Six parties unite to form Janata Parivar; Mulayam is the new party chief

Wednesday 22nd April 2015 06:46 EDT
 
 

Six parties of the erstwhile Janata Parivar has decided to merge and form a new party to take on the Bharatiya Janata Party ahead of crucial elections in Bihar scheduled later this year. The decision was announced in Delhi by Janata Dal-United president Sharad Yadav after a meeting of six parties that included Janata Dal-Secular, Rashtriya Janata Dal, Indian National Lok Dal and Samajwadi Janata Party.

Samajwadi party chief Mulayam Singh Yadav was elected chairman of the new party that is likely to be named either the Samajwadi Janata Dal or the Samajwadi Janata Party. A six-member committee including H D Deve Gowda, Lalu Yadav, Sharad Yadav and Ramgopal Yadav will decide on issues like name and flag of the party.

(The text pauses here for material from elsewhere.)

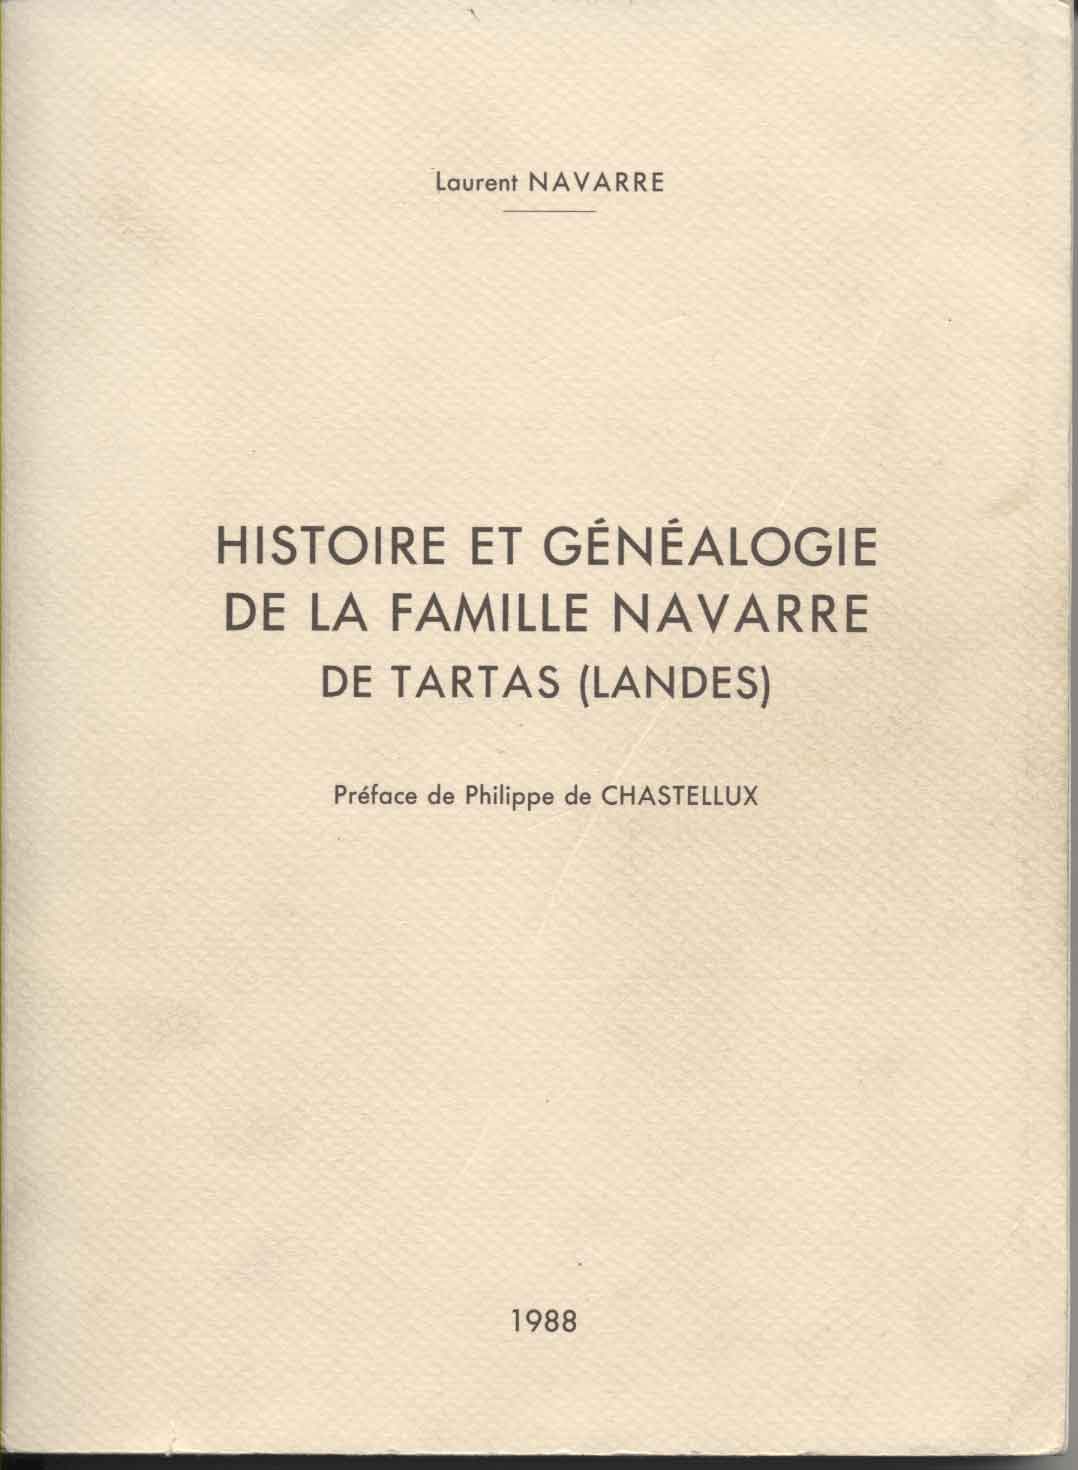 Livre Laurent Navarre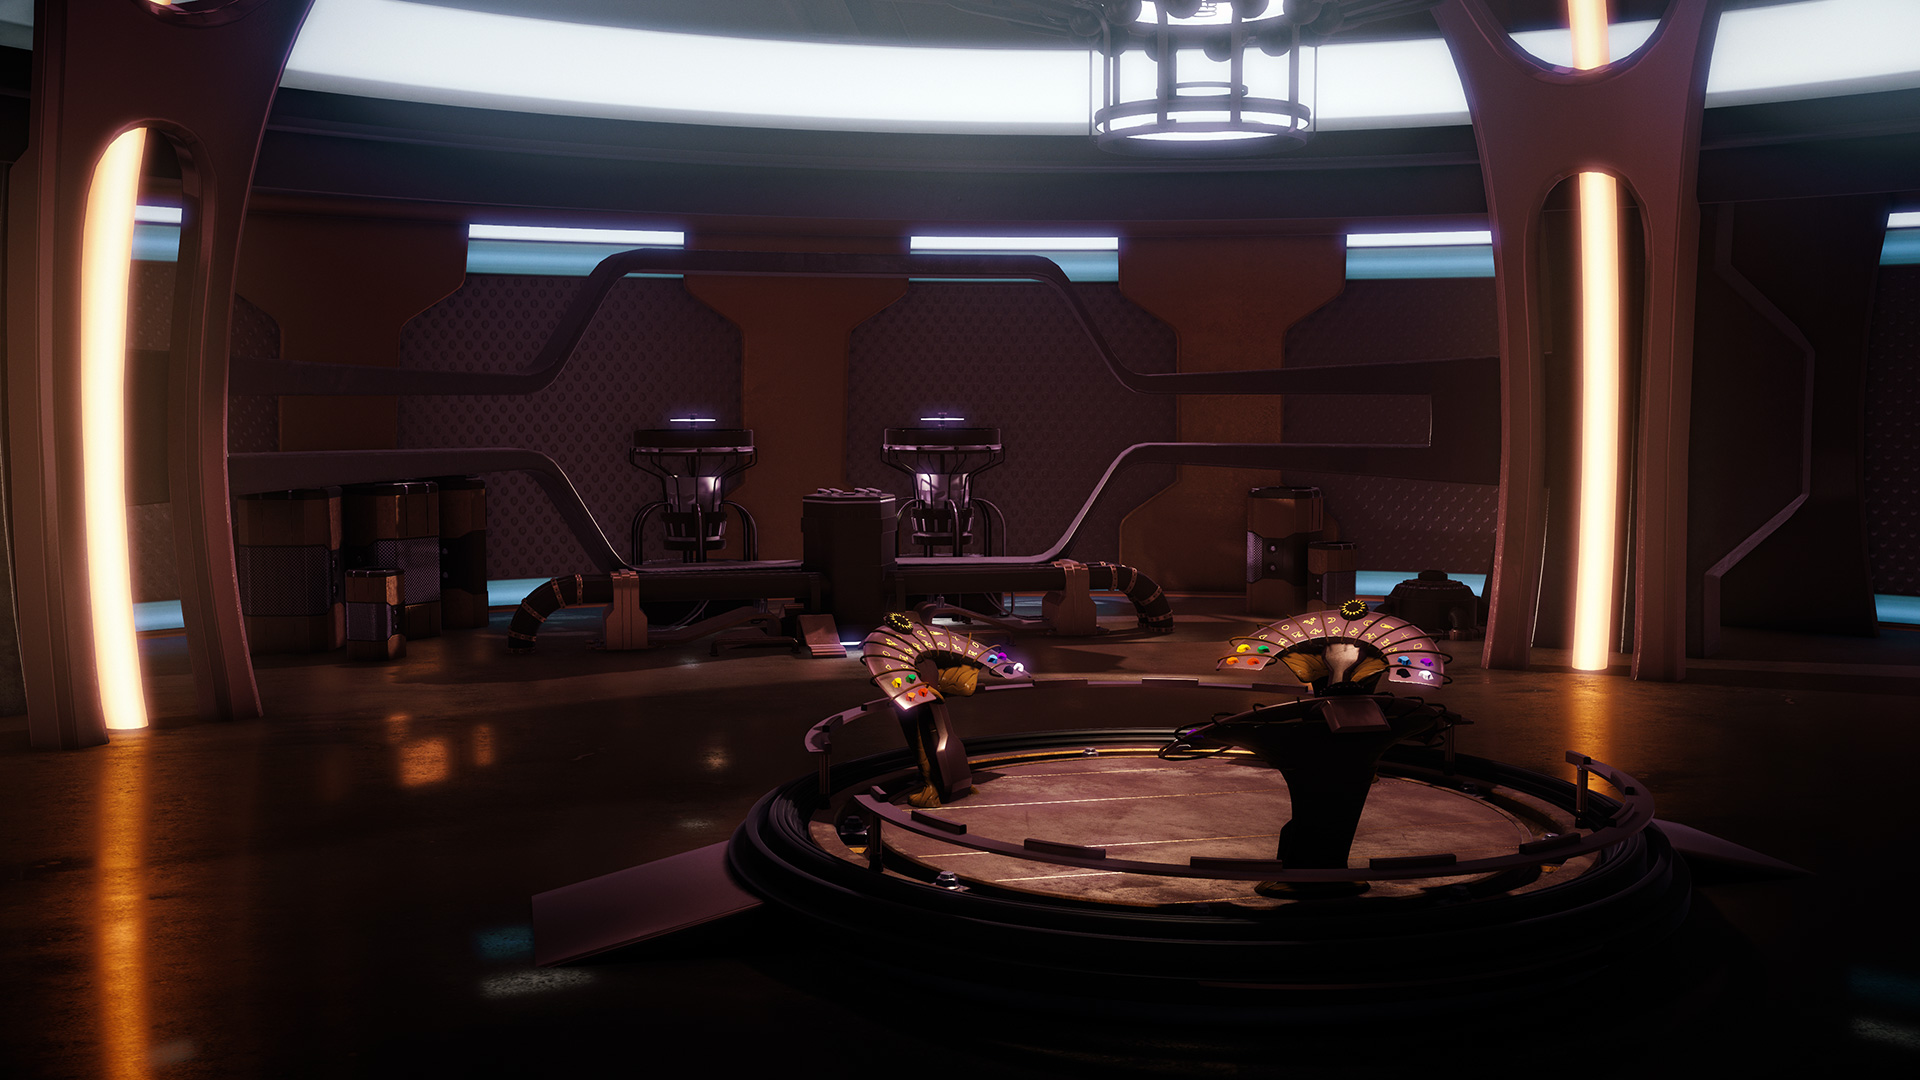 3D rendering of the new spaceship interior, work in progress.

Mulayam Singh told the media that the principal aim is to take on the BJP which has "promised much before the Lok Sabha elections but delivered very little." The group is likely to inherit the SP flag and its electoral symbol of the “bicycle”, even though some constituents favour retrieving the original Janata symbol – the wheel. Some leaders also want the SP’s red and green flag to have a stripe of white - to symbolise the new party’s pluralistic and socialist philosophy.

The future of the combine rests on the politically-significant state of Bihar, where a JD(U)-RJD combine is strongly placed to take on the BJP in the state, having polled more votes than the BJP in the Lok Sabha elections last year, but concerns over rebels and dissatisfied leaders remain.

The project was given shape at a meeting of the SP, Janata Dal (Secular), Rashtriya Janata Dal, Janata Dal (United), Indian National Lok Dal and Samajwadi Janata Party (Chandra Shekhar) at Yadav’s residence last December.

The parties were still reeling from the drubbing in the Lok Sabha where the JD(U) and RJD together won a mere six of Bihar’s 40 seats, while the SP picked up a paltry five of UP’s 80 seats, as the BJP made massive gains.

But the project gathered steam after a JD(U)-RJD combine was able to turn the electoral tables on the BJP in by-elections last years, winning six of the 10 seats on offer, as experts pointed out the combine could pull together votes from the backward castes.

The Janata Parivar – an umbrella term to the describe various political parties that emerged from the now-defunct Janata Dal – has appeared together in several demonstrations against a controversial land bill in the past few months though doubts remain whether RJD’s Lalu Prasad and JD(U)’s Nitish Kumar would be able to sink their long-standing differences. Political analysts are sceptical about the future about the third front because earlier efforts to form a government have always been short-lived, starting with 1977 when the Janata Party took on the Congress, which had been ruling since independence, but was in power for barely two years.

BJP mocks Janata merger

The BJP in Bihar mocked the proposed amalgamation, saying it would have "no impact" on the upcoming state elections. "Merger experiments have flopped in the past and will meet the same fate this time too...It's beyond comprehension as to how 3-4 swords would remain in one scabbard," senior BJP leader Sushil Kumar Modi told reporters.

"All these parties are in truth one man show. RJD is a party of Lalu Prasad while Mulayam Singh Yadav is the sole leader of Samajwadi Party and Nitish Kumar is the dominant figure in JD(U). (As) these supremos do not tolerate anybody else in their parties how come they remain in peace with each other in one fold," Modi said.

Recalling that such experiments had flopped earlier as well, Modi said, "Four parties had come together in 1977 but they withered away in less than one year. Again, in 1989, the coming together of parties did not last long."